Collins v. Columbus Foundries, Inc.

Sears-Collins, Justice.

In this action brought by a taxpayer, Columbus Foundries, Inc., the appellee, for the refund of sales and use taxes paid, the trial court denied without explanation the motion to dismiss filed by the appellant, Marcus E. Collins, Sr., Commissioner of the Georgia Department of Revenue (the “Department”). We granted the appellant’s application for interlocutory appeal to determine whether the claim for re*711fund is barred by the applicable statute of limitation. We find that this action is barred by the limitation period established in OCGA § 48-2-35 (b) (5), and we reverse the trial court’s refusal to grant the motion to dismiss.

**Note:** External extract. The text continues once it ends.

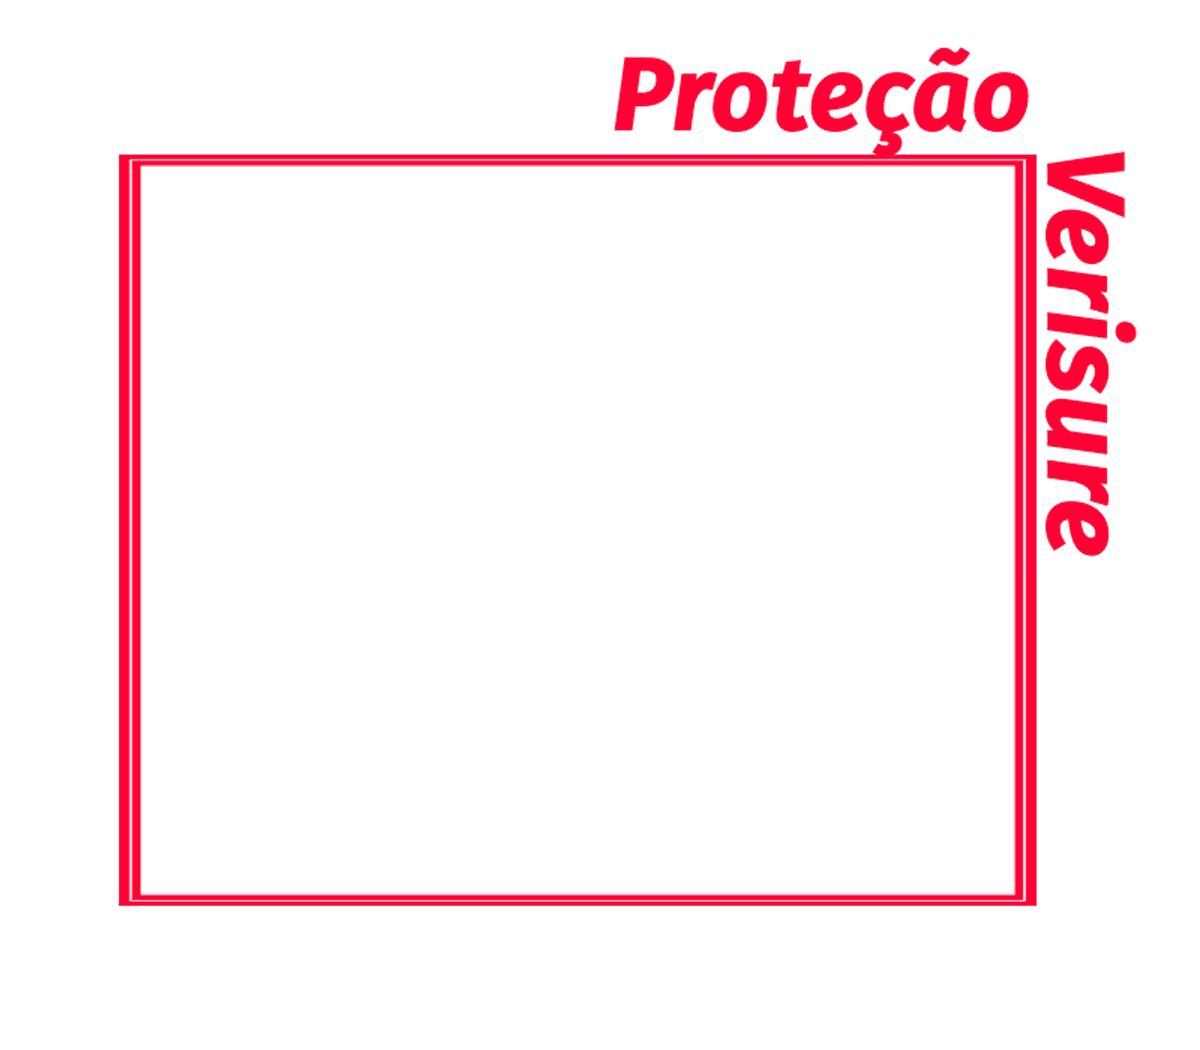 Protecao Alarme Monitorado Sticker By Verisure Brasil For

On February 17, 1988, the appellee filed with the Department a claim for the refund of certain sales and use taxes paid by the company between January 1, 1986, and September 19, 1986, pursuant to the refund provisions of OCGA § 48-2-35. In a letter dated April 14, 1988, the Department informed the appellee that the claim for refund had been considered, and denied due to the lack of necessary documentation. On February 8, 1989, the appellee wrote the Department, and supplied the Department with additional information about the claim. In a letter dated March 8, 1989, the Department informed the appellee that the items on which the appellee paid sales tax did not qualify for the exemption which the appellee claimed. In response to further communication, by telephone, from the appellee, the Department wrote the appellee a letter dated March 16, 1989, again informing the appellee that the claim was denied and that the taxes in question did not qualify for the claimed exemption. The appellee filed suit to recover the refund on December 26, 1990.

According to OCGA § 48-2-35 (b) (5),

[n]o action or proceeding for the recovery of a refund under this Code section shall be commenced . . . after the expiration of two years from the date the claim is denied. The two-year period prescribed in this paragraph for filing an action for refund shall be extended for such period as may be agreed upon in writing between the taxpayer and the commissioner during the two-year period or any extension thereof.

The appellee argues that the April 14, 1988, denial of the claim was an “initial” denial, that subsequent communication between the appellee and the department “reopened” the claim, and that the limitation period did not begin until the “final” denial, which occurred in the letter dated March 16, 1989. Therefore, argues the appellee, the December 26, 1990, suit was filed less than two years after the denial and within the limitation period.

OCGA § 48-2-35 (b) (5) clearly states that no action for a refund may be filed more than two years after the date a claim is denied. We find nothing tentative or “initial” about the April 14, 1988, denial of the appellee’s claim. The fact that the claim was denied on that date for lack of documentation, as opposed to for some other reason, did not make it any less denied. The fact that there was subsequent communication between the appellee and the Department regarding the *712merits of the claim, in which the Department reaffirmed its denial oí the claim, did not extend the limitation period. Pursuant to the plain and unambiguous language of the statute, a written agreement with the Department was necessary to extend the limitation period. Since the statute of limitation precluded the bringing of any action after April 14, 1990, the suit filed on December 26, 1990, was not timely. Therefore, the trial court erred in refusing to grant the Department’s motion to dismiss.

Decided February 5, 1993. Michael J. Bowers, Attorney General, David A. Runnion, Daniel M. Formby, Senior Assistant Attorneys General, for appellant. Jeffrey L. Hersh, for appellee.

Judgment reversed.

Clarke, C. J., Hunt, P. J., Benham, Fletcher and Hunstein, JJ., concur.